Problem to work on: Repeat the lines below exactly as they appear, but leave out the images.

#### Supplied information

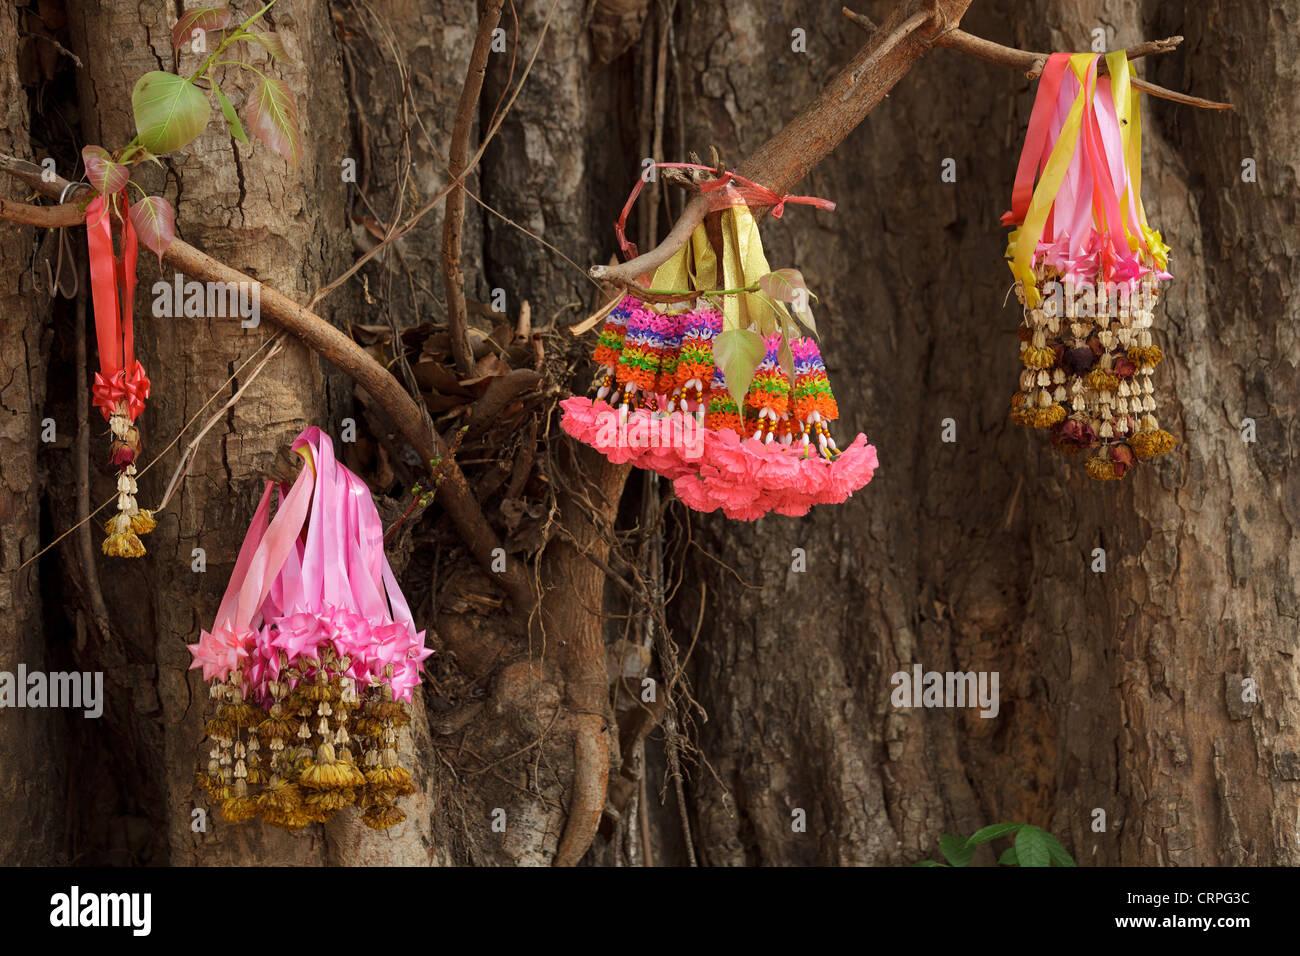 Religious Buddhist Symbols Hanging On Buddha Tree Thailand Stock
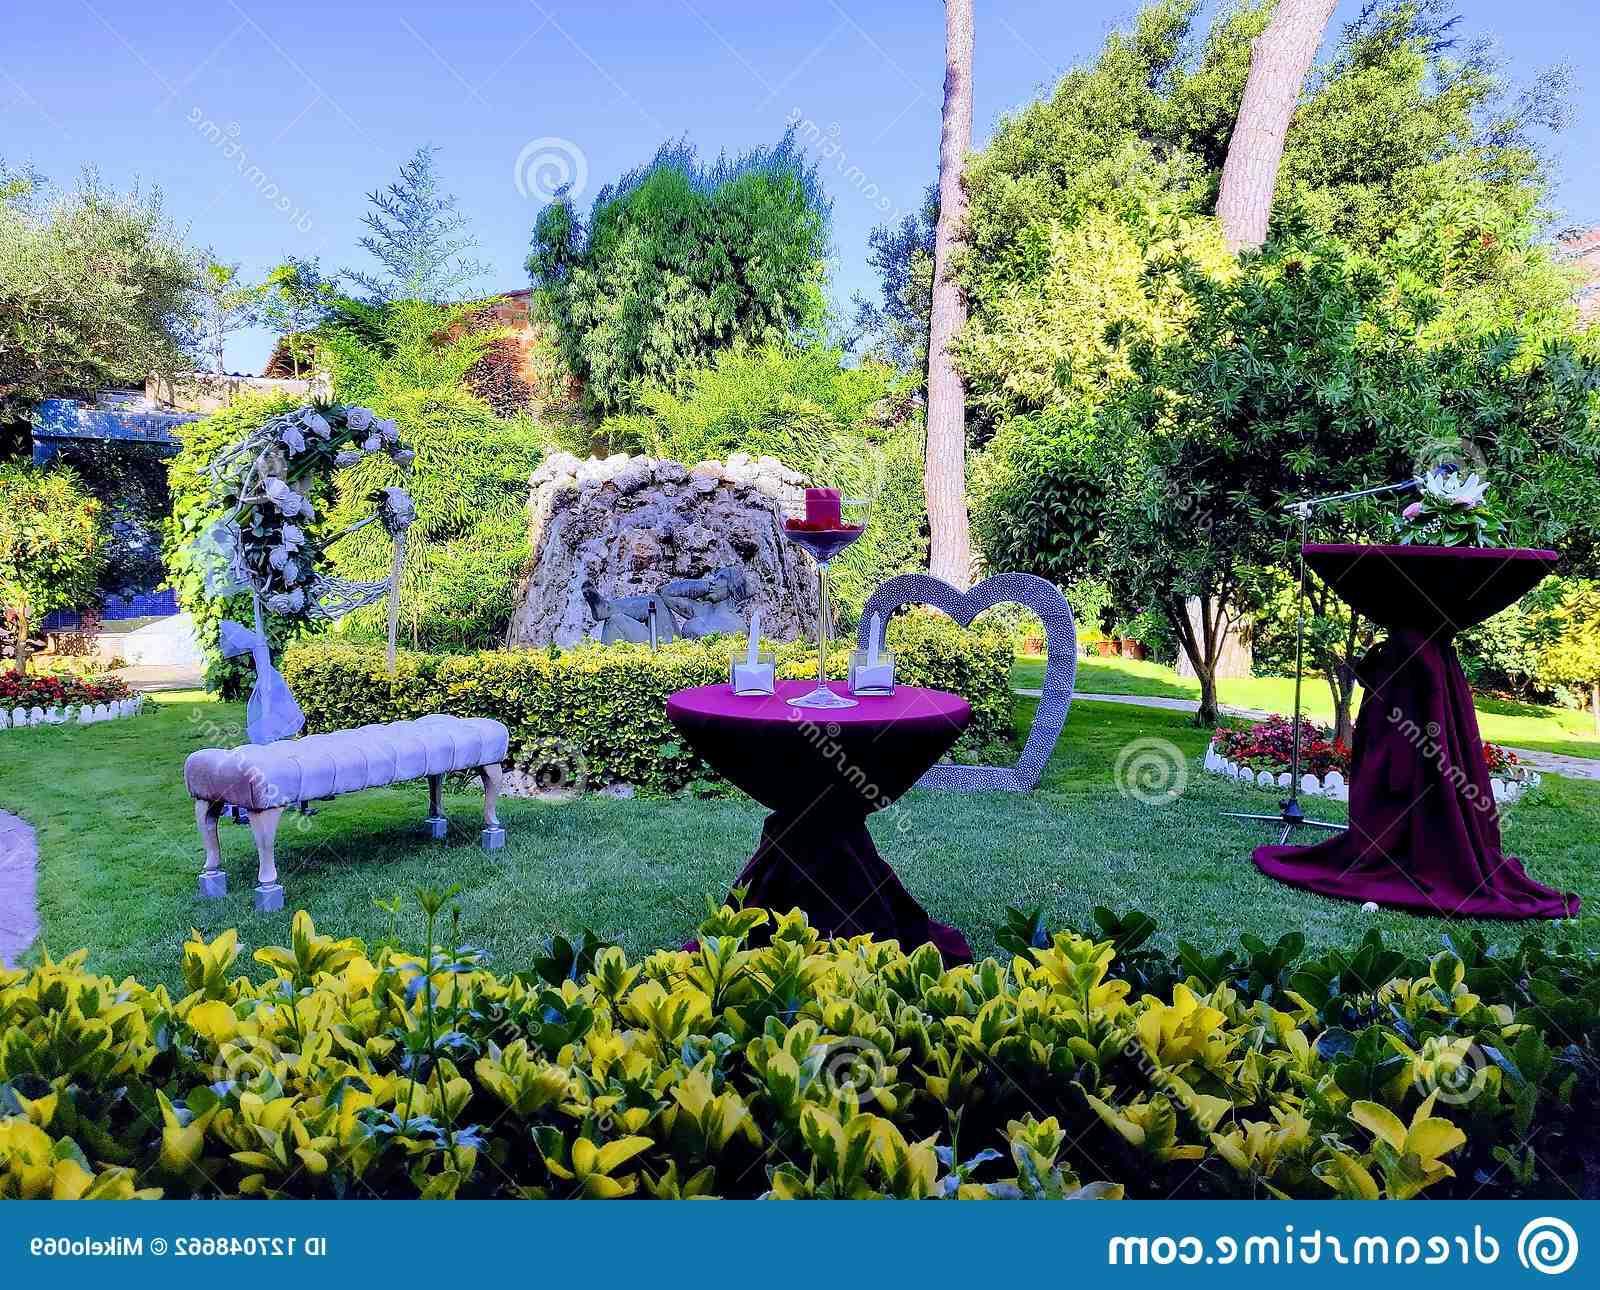 Comment faire pour avoir un beau jardin ?
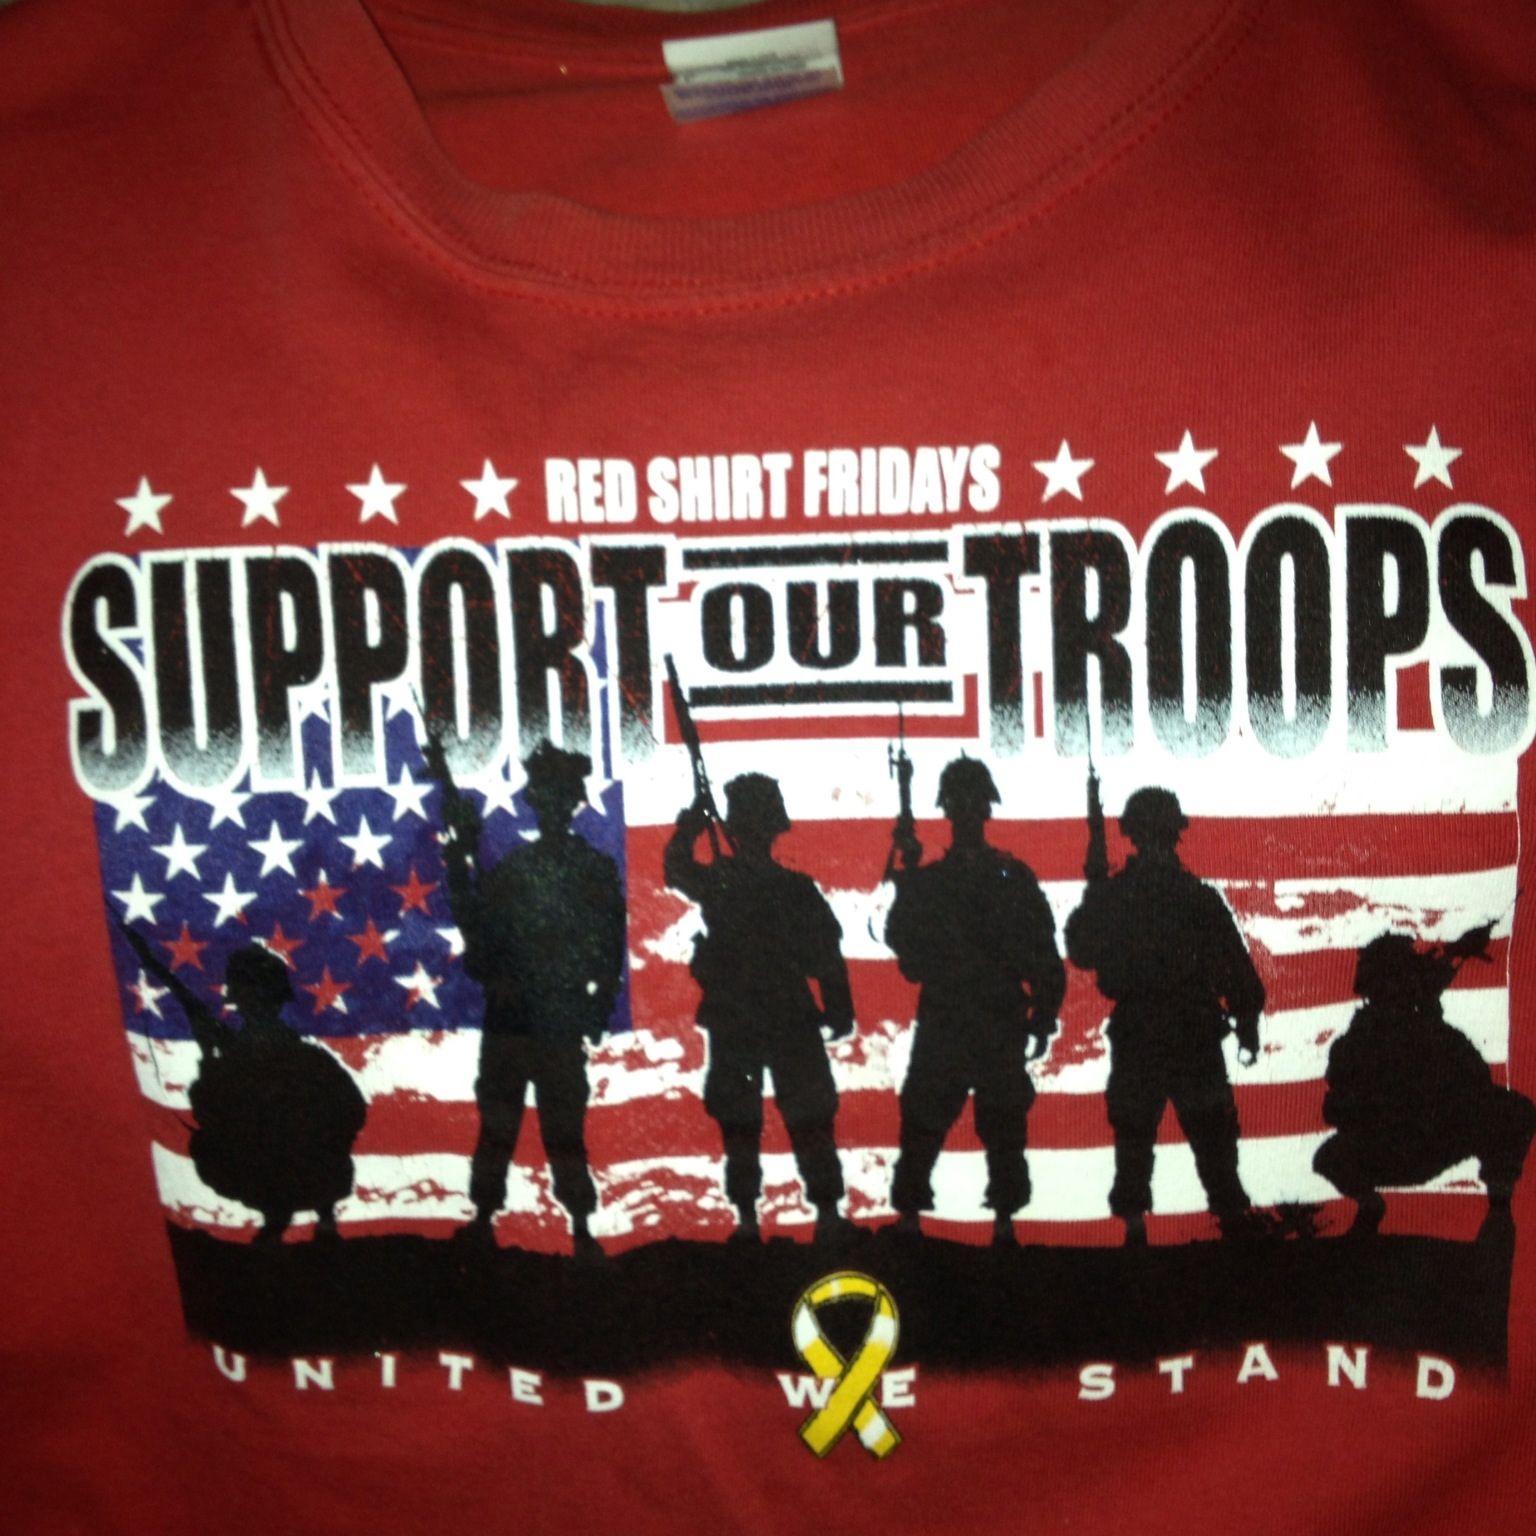 Red shirt friday support our troops ooooooooo pinterest for Red support our troops shirts

########

Exercise response:
 Religious Buddhist Symbols Hanging On Buddha Tree Thailand Stock
 Comment faire pour avoir un beau jardin ?
 Red shirt friday support our troops ooooooooo pinterest for Red support our troops shirts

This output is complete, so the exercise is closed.